■ **TASK DESCRIPTION**: Word for word, restate the entries below from their first line through the line that contains "Broyhill Bedroom Mardella".

■ **AVAILABLE DATA**:
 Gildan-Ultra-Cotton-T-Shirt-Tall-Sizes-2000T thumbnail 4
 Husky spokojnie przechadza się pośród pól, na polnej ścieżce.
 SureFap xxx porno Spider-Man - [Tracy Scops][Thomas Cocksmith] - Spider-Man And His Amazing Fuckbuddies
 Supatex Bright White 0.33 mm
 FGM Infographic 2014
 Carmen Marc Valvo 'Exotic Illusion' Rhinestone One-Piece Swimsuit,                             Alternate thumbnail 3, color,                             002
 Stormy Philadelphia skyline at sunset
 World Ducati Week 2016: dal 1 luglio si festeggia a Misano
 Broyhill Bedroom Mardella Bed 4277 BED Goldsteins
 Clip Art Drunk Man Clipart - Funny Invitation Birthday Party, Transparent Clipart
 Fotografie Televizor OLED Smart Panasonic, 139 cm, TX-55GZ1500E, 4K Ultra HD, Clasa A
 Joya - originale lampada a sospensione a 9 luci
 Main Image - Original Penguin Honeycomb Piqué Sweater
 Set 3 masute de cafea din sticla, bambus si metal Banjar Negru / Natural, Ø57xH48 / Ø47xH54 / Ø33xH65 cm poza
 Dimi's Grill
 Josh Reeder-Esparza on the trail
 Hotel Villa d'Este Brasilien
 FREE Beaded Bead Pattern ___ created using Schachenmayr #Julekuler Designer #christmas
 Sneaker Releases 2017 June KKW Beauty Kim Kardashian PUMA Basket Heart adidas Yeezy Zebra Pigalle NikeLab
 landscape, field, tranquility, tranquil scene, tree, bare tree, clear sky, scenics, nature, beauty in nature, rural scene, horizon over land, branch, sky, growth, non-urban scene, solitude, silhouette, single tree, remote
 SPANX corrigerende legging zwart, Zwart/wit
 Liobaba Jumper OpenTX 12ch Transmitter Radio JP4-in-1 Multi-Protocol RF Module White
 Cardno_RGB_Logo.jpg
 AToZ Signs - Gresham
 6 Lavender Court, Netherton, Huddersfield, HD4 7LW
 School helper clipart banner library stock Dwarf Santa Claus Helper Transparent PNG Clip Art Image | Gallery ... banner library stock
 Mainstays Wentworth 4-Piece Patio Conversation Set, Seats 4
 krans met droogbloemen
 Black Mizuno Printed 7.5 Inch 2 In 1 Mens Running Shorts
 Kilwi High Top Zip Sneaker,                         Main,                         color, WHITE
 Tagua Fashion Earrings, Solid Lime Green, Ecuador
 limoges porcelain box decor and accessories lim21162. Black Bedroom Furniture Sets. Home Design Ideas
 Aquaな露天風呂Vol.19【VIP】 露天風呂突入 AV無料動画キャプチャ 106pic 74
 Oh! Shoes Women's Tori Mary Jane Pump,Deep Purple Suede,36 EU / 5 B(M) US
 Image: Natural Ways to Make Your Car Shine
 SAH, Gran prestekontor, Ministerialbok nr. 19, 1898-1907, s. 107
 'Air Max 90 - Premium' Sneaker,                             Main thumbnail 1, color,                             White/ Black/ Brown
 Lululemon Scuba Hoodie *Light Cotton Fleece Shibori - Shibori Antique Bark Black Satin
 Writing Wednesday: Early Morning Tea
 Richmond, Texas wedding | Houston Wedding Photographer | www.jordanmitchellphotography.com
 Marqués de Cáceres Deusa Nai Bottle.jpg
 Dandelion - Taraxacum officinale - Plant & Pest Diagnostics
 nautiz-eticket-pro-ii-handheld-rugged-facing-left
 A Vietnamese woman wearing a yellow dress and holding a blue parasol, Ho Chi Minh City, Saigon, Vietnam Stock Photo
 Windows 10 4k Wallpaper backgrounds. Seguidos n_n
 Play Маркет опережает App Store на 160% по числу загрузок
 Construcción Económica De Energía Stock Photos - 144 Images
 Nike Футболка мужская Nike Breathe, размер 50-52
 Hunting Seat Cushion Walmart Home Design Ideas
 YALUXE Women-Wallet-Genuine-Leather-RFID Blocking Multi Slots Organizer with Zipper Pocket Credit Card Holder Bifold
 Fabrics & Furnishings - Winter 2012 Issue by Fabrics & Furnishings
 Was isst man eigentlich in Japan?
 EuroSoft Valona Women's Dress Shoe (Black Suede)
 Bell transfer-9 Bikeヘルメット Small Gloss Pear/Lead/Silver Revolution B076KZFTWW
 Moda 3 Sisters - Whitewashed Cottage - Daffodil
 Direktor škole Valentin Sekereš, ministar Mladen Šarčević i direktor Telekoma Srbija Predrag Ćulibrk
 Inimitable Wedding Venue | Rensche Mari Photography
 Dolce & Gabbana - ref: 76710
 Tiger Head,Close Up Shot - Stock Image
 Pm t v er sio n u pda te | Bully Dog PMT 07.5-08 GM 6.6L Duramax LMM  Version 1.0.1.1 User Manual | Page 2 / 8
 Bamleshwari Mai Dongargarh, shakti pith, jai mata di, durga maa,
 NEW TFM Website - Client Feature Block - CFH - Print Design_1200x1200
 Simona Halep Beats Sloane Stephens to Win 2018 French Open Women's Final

■ **OUTPUT OF THE TASK**:
 Gildan-Ultra-Cotton-T-Shirt-Tall-Sizes-2000T thumbnail 4
 Husky spokojnie przechadza się pośród pól, na polnej ścieżce.
 SureFap xxx porno Spider-Man - [Tracy Scops][Thomas Cocksmith] - Spider-Man And His Amazing Fuckbuddies
 Supatex Bright White 0.33 mm
 FGM Infographic 2014
 Carmen Marc Valvo 'Exotic Illusion' Rhinestone One-Piece Swimsuit,                             Alternate thumbnail 3, color,                             002
 Stormy Philadelphia skyline at sunset
 World Ducati Week 2016: dal 1 luglio si festeggia a Misano
 Broyhill Bedroom Mardella Bed 4277 BED Goldsteins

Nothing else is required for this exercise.